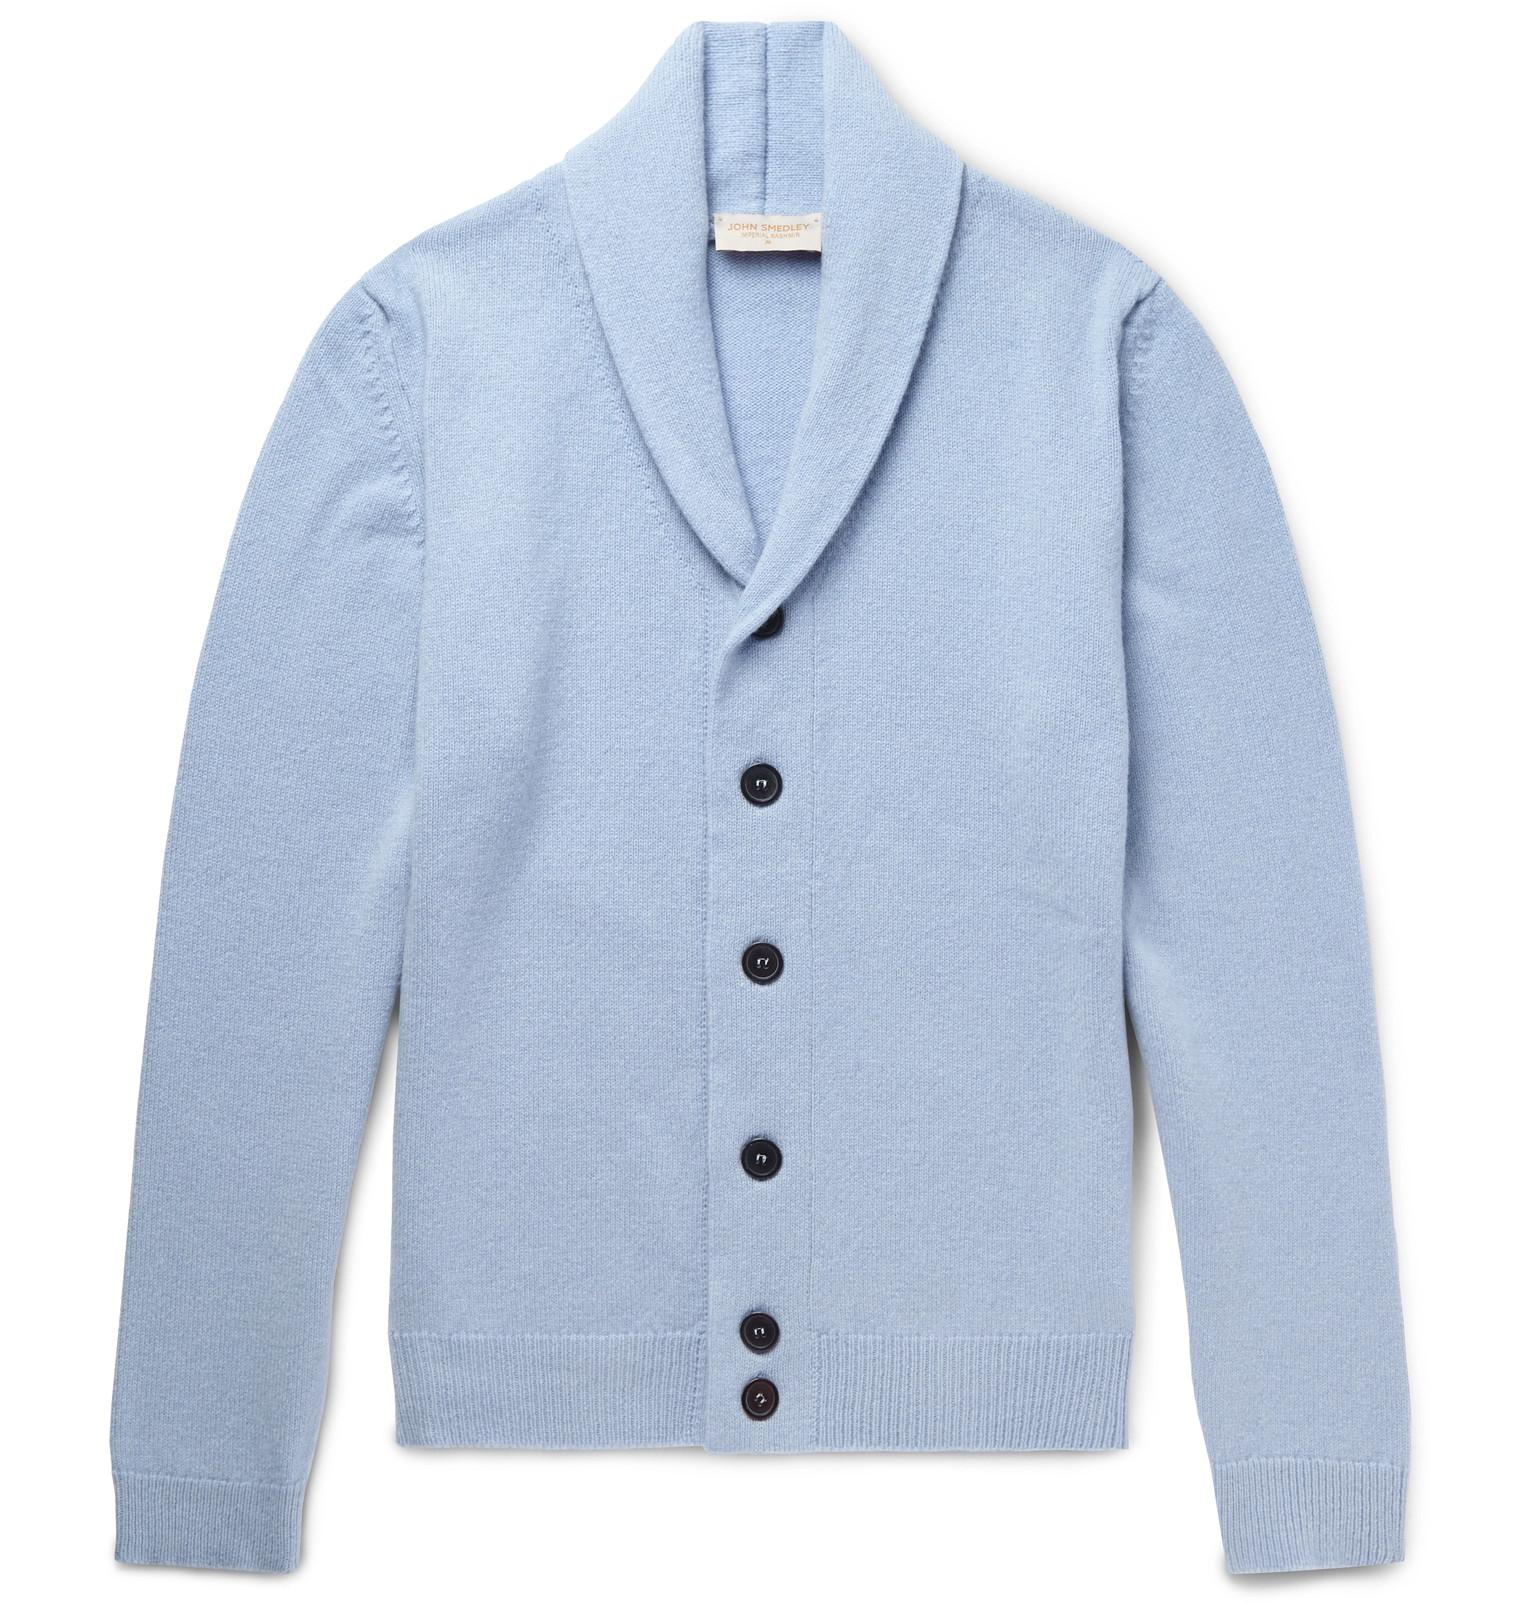 42e5903e2ba Lyst - John Smedley Patterson Slim-fit Shawl-collar Merino Wool And ...
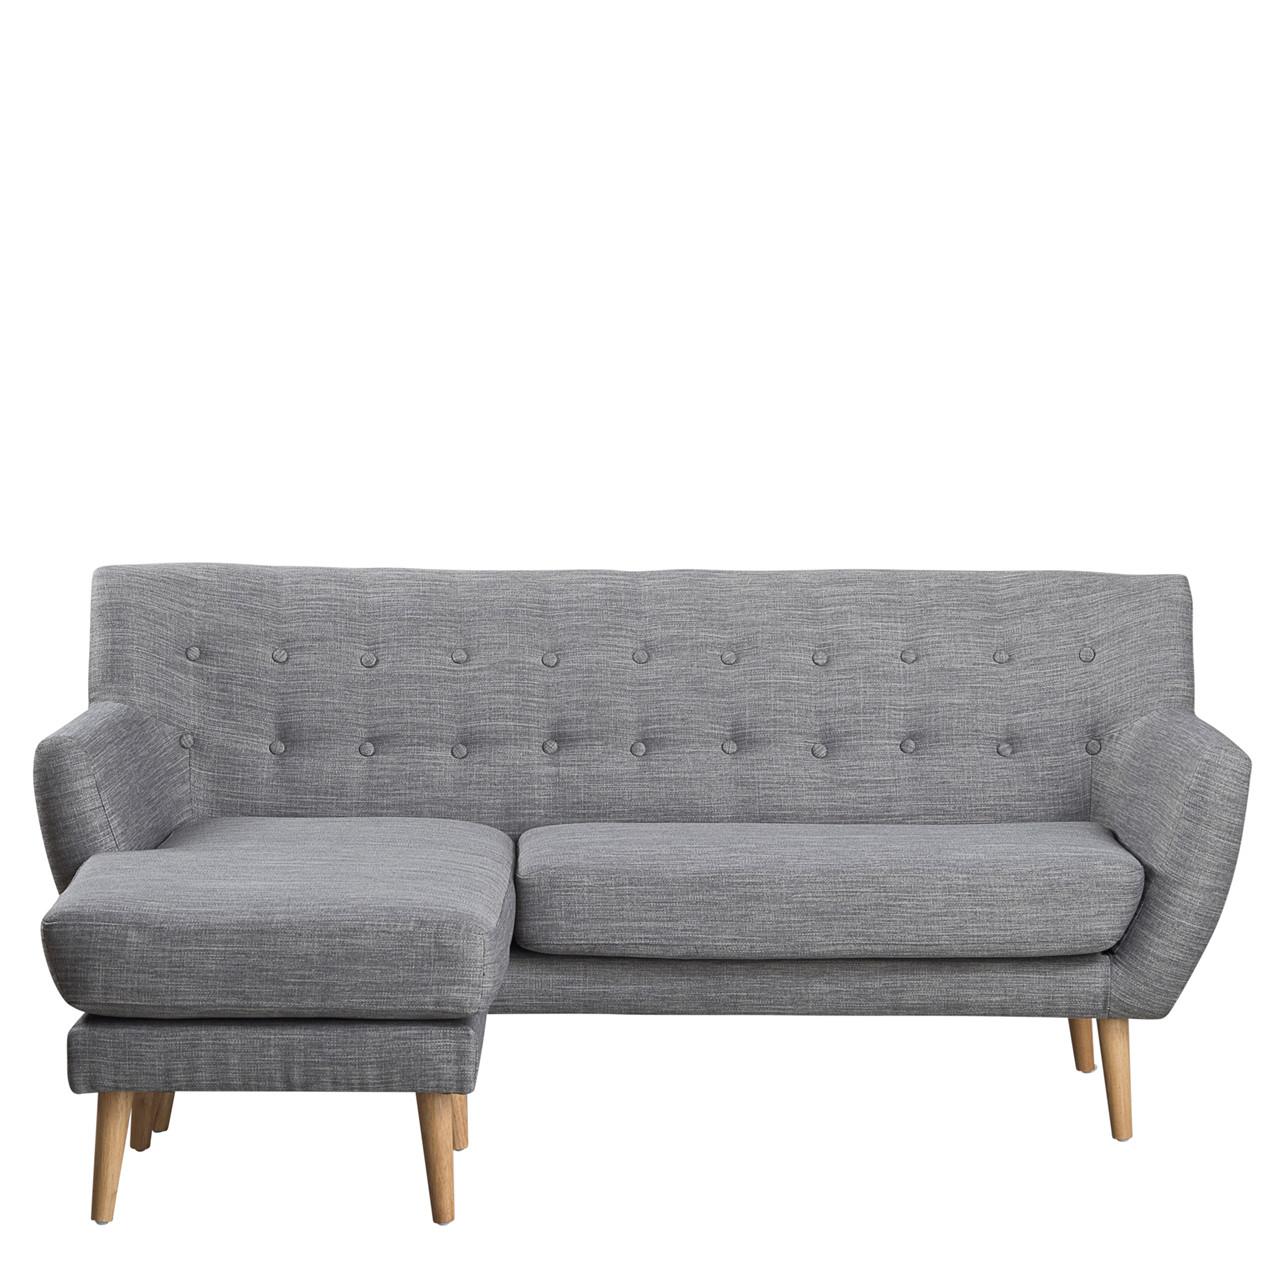 sofa chaiselong MIAMI chaiselong grå venstrevendt sofa chaiselong
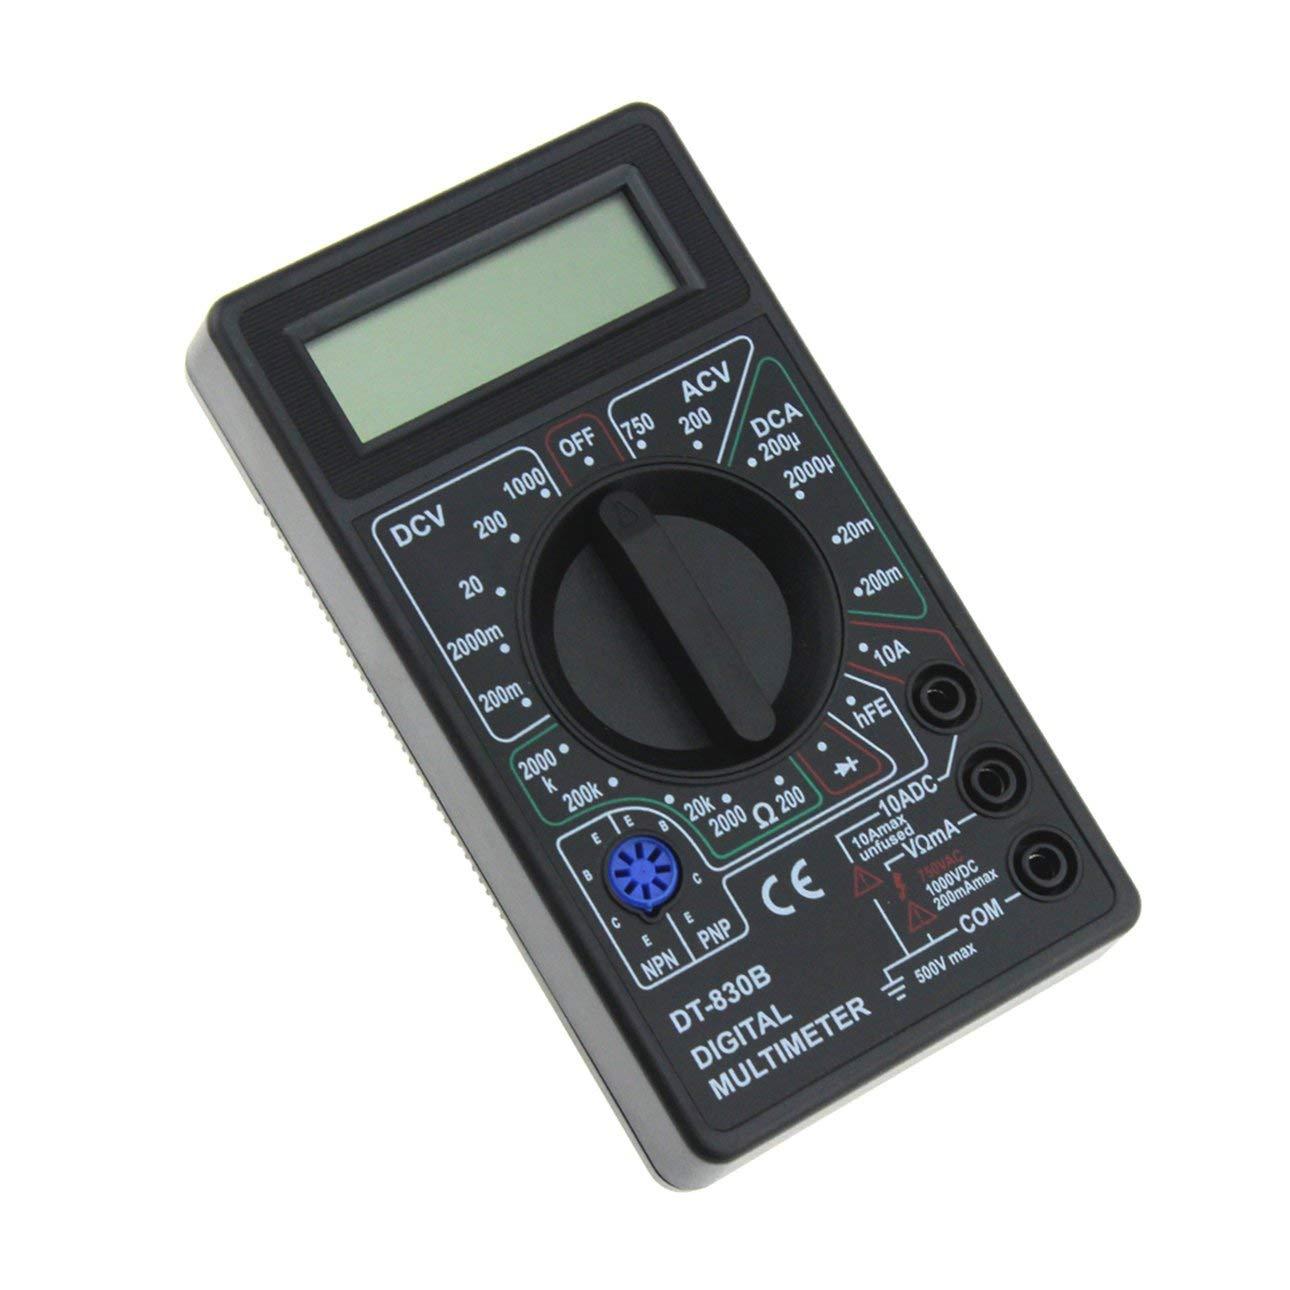 Ballylelly DT-830B Mult/ímetro Digital de Bolsillo Mini 1999 Cuenta AC//DC Voltio Amp Ohm Diodo hFE Probador Amper/ímetro Volt/ímetro Ohm/ímetro
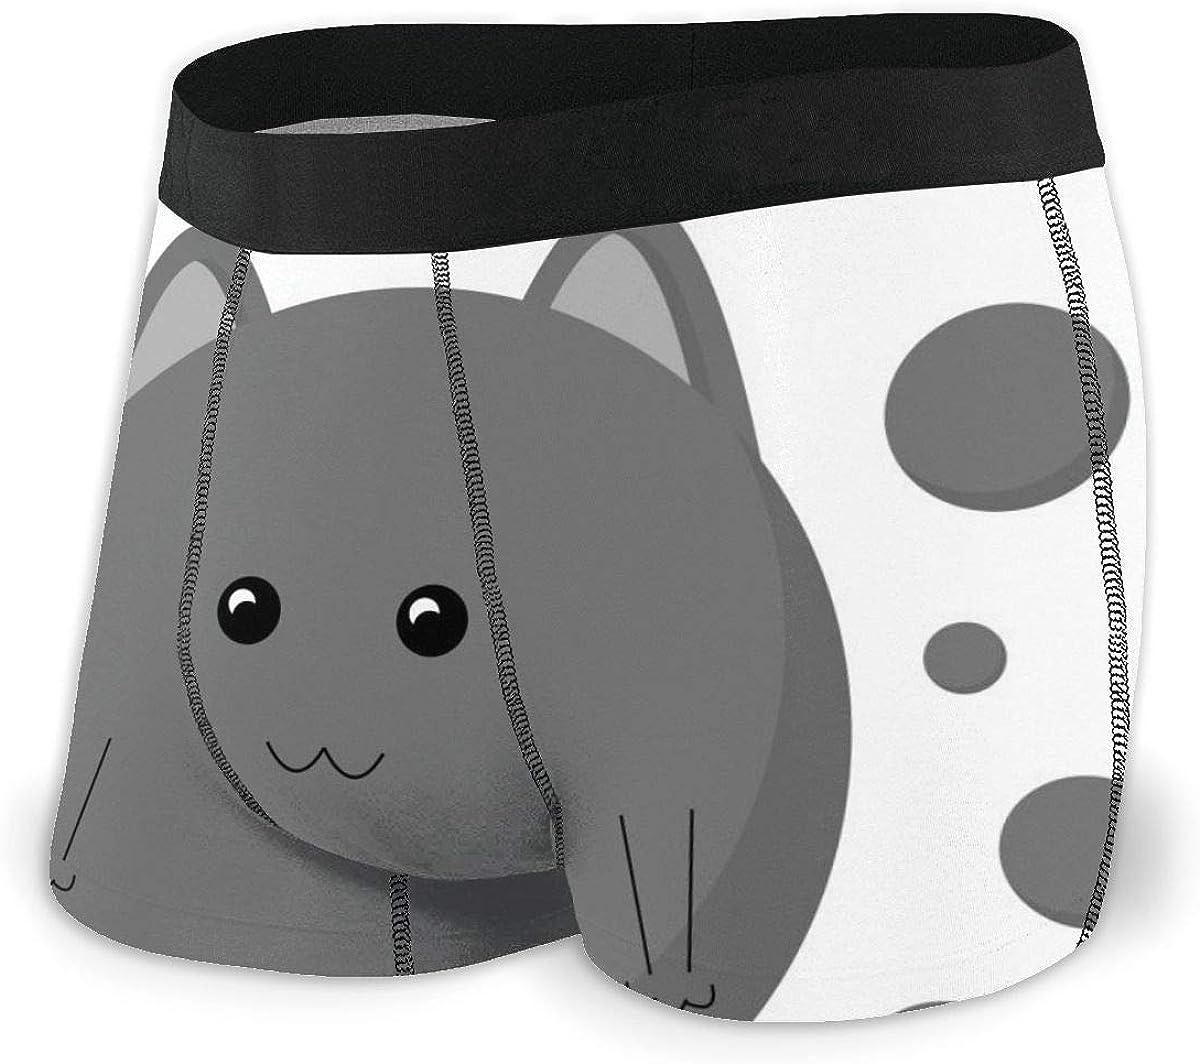 Mens Underwear Funny Gray Ball Cute Cat Kitten Boys Boxer Briefs Trunks Low Rise Underpants Man
◆ ◆ ◆ ◆
* [Problem statement]:
The whole of the data above needs retyping exactly, with pictures omitted.

* [Reply to the exercise]:
 42e5903e2ba Lyst - John Smedley Patterson Slim-fit Shawl-collar Merino Wool And ...
 sofa chaiselong MIAMI chaiselong grå venstrevendt sofa chaiselong
 Ballylelly DT-830B Mult/ímetro Digital de Bolsillo Mini 1999 Cuenta AC//DC Voltio Amp Ohm Diodo hFE Probador Amper/ímetro Volt/ímetro Ohm/ímetro
 Mens Underwear Funny Gray Ball Cute Cat Kitten Boys Boxer Briefs Trunks Low Rise Underpants Man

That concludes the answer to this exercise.